### DATA
···
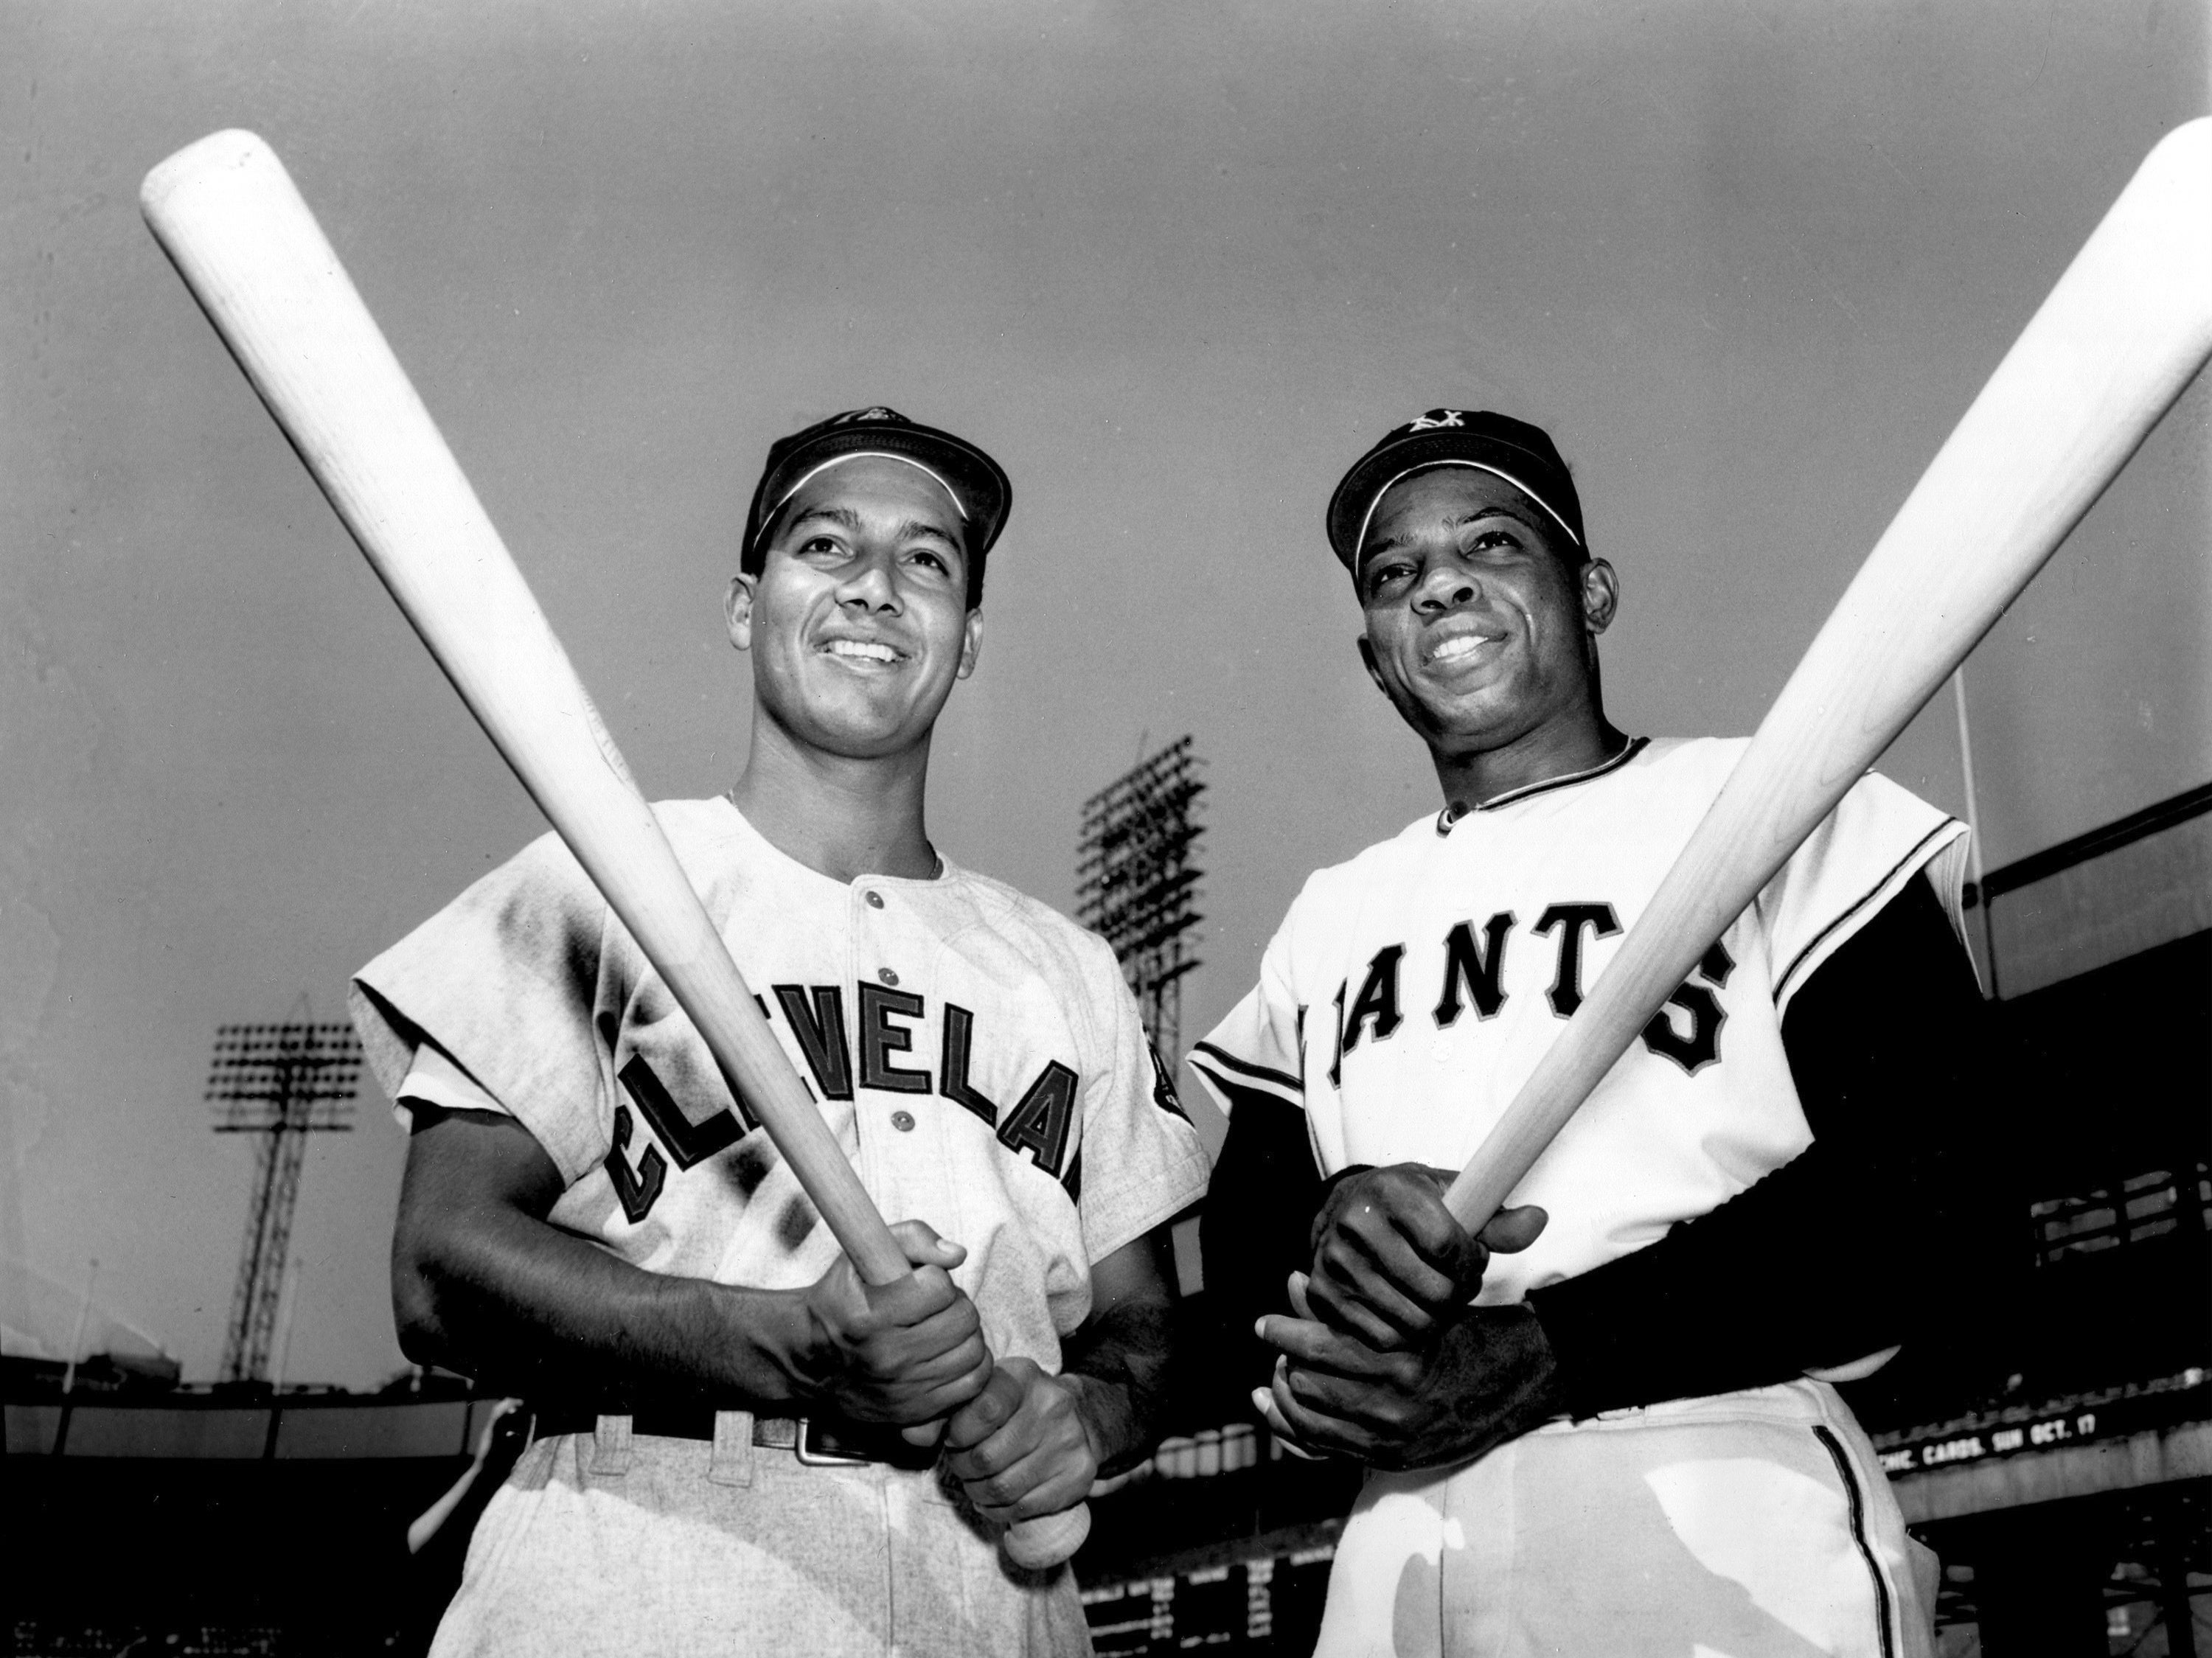 Batting champions Bobby Avila, left, of the Cleveland Indians, and Willie Mays, of the New York Giants, pose with their bats at the Polo Grounds in New York on Sept 28, 1954
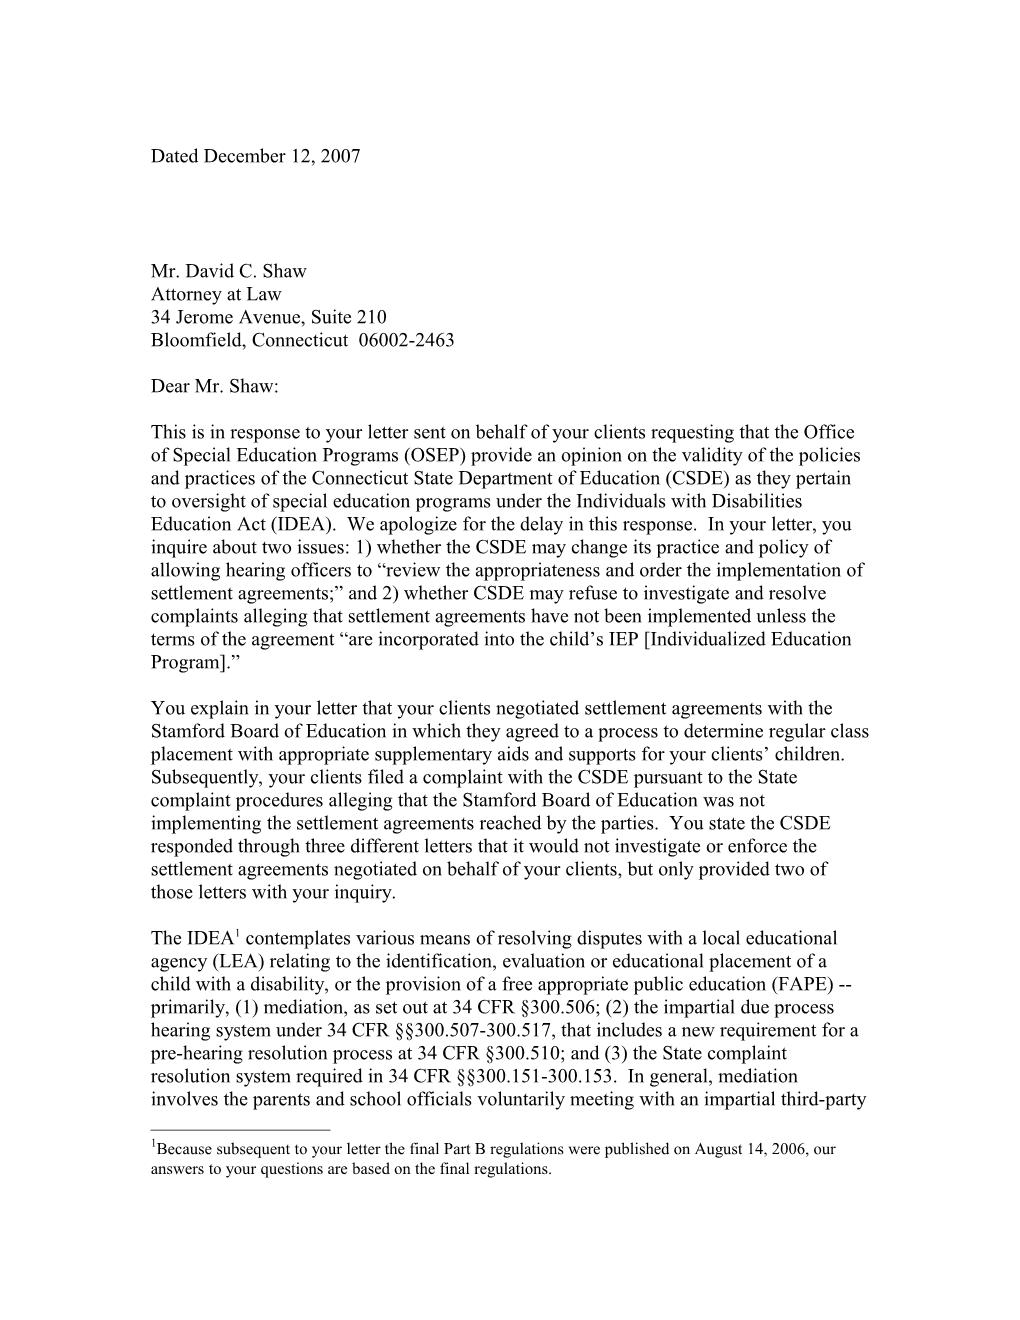 Shaw Letter Dated 12/12/07 Re: Impartial Due Process Hearing (MS Word)
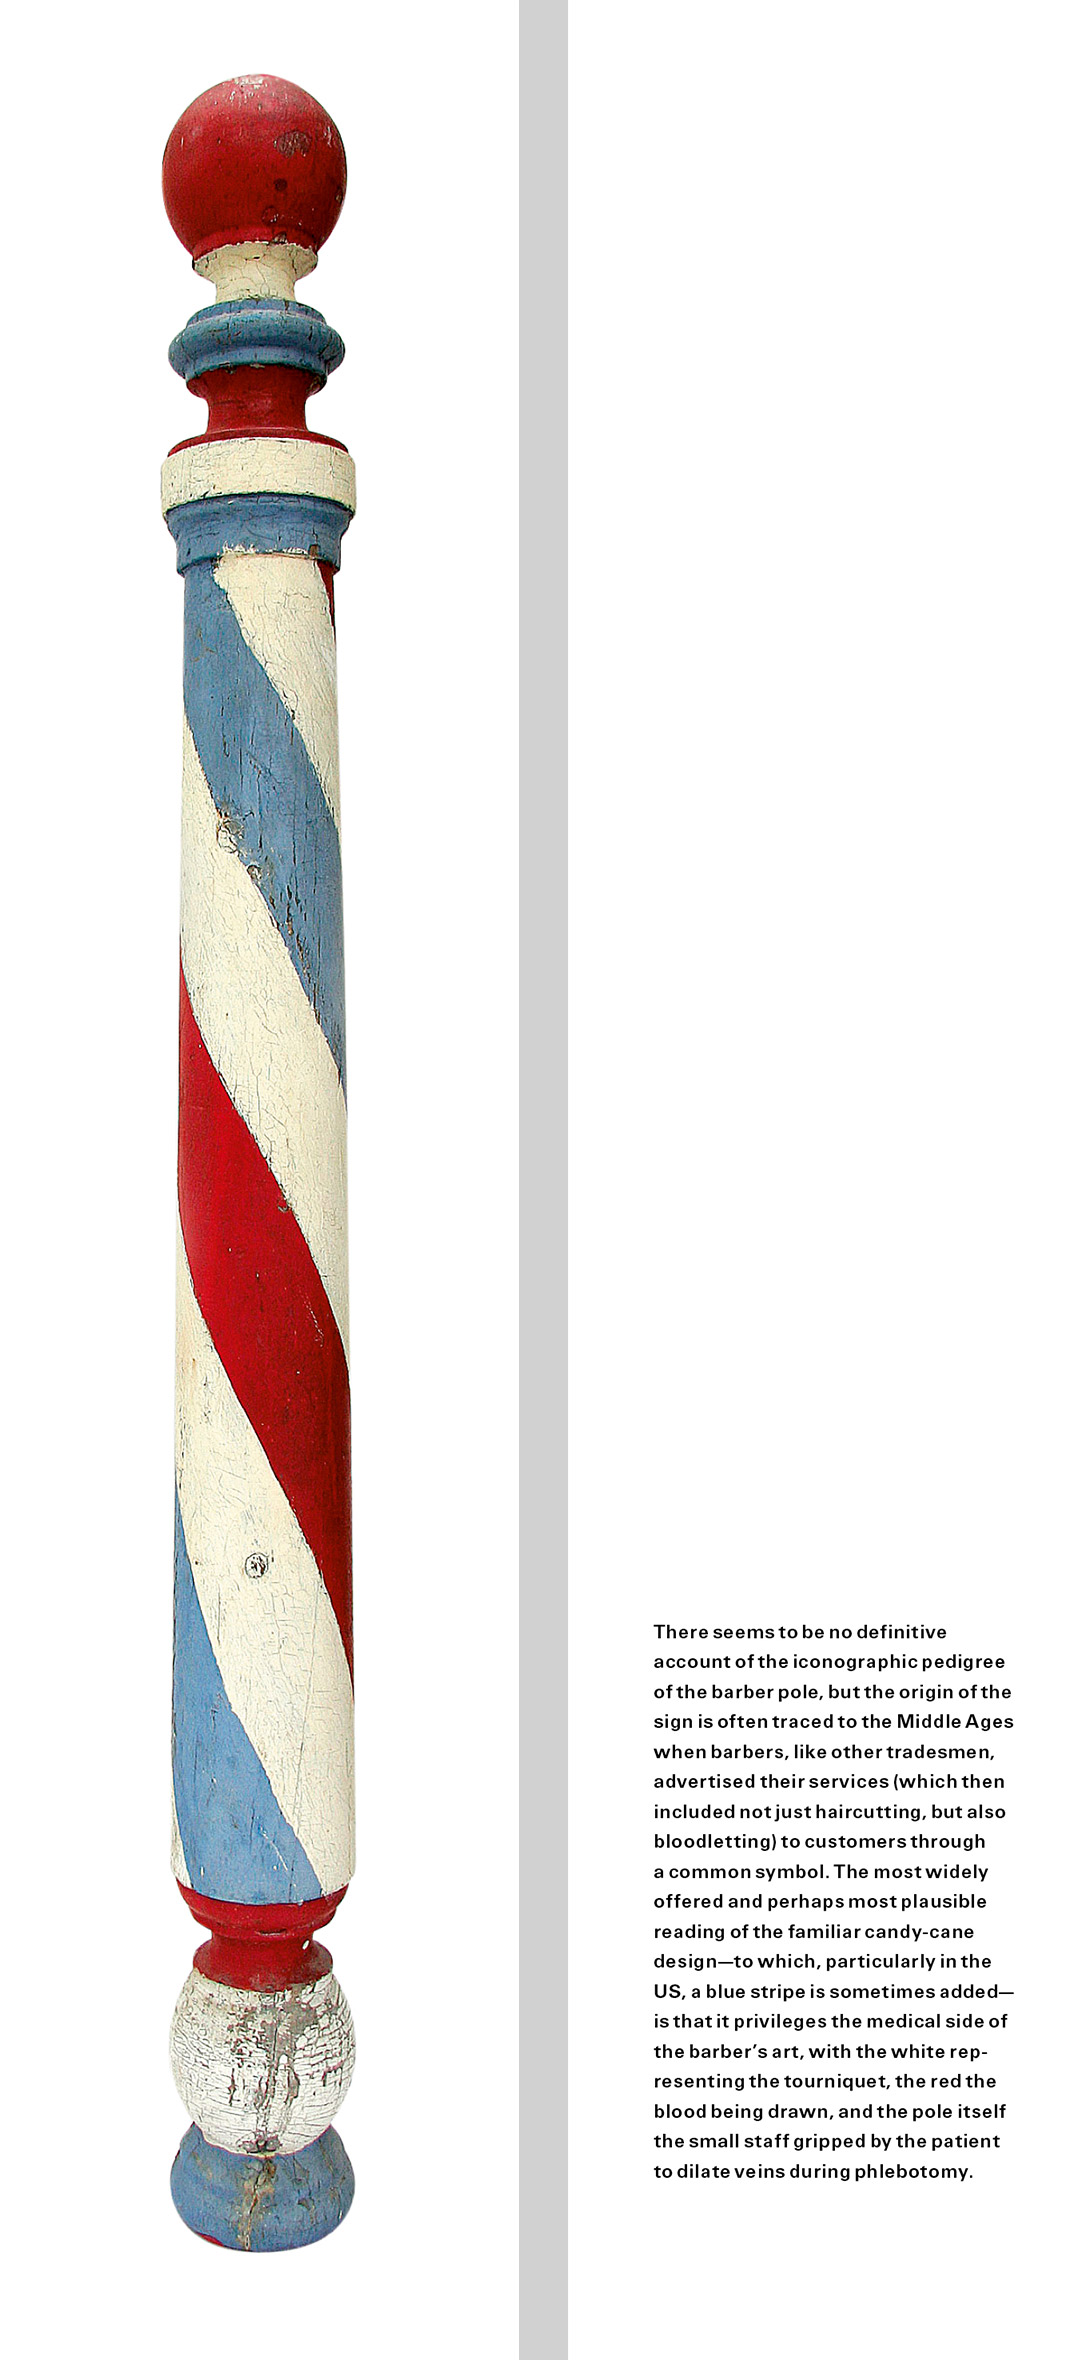 The front and back of a bookmark. The front is a photograph of a red, white, and blue barber pole. The back contains text that reads: “There seems to be no definitive account of the iconographic pedigree of the barber pole, but the origin of the sign is often traced to the Middle Ages when barbers, like other tradesmen, advertised their services (which then included not just haircutting, but also bloodletting) to customers through a common symbol. The most widely offered and perhaps most plausible reading of the familiar candy-cane design—to which, particularly in the US, a blue stripe is sometimes added—is that it privileges the medical side of the barber’s art, with the white representing the tourniquet, the red the blood being drawn, and the pole itself the small staff gripped by the patient to dilate veins during phlebotomy.”
···
### REQUIRED WORK
Please quote the lines of the material, beginning with the first and ending with the one that contains "Shaw Letter Dated", exactly as written and without any pictures.

### ANSWER SPACE
 Batting champions Bobby Avila, left, of the Cleveland Indians, and Willie Mays, of the New York Giants, pose with their bats at the Polo Grounds in New York on Sept 28, 1954
 Shaw Letter Dated 12/12/07 Re: Impartial Due Process Hearing (MS Word)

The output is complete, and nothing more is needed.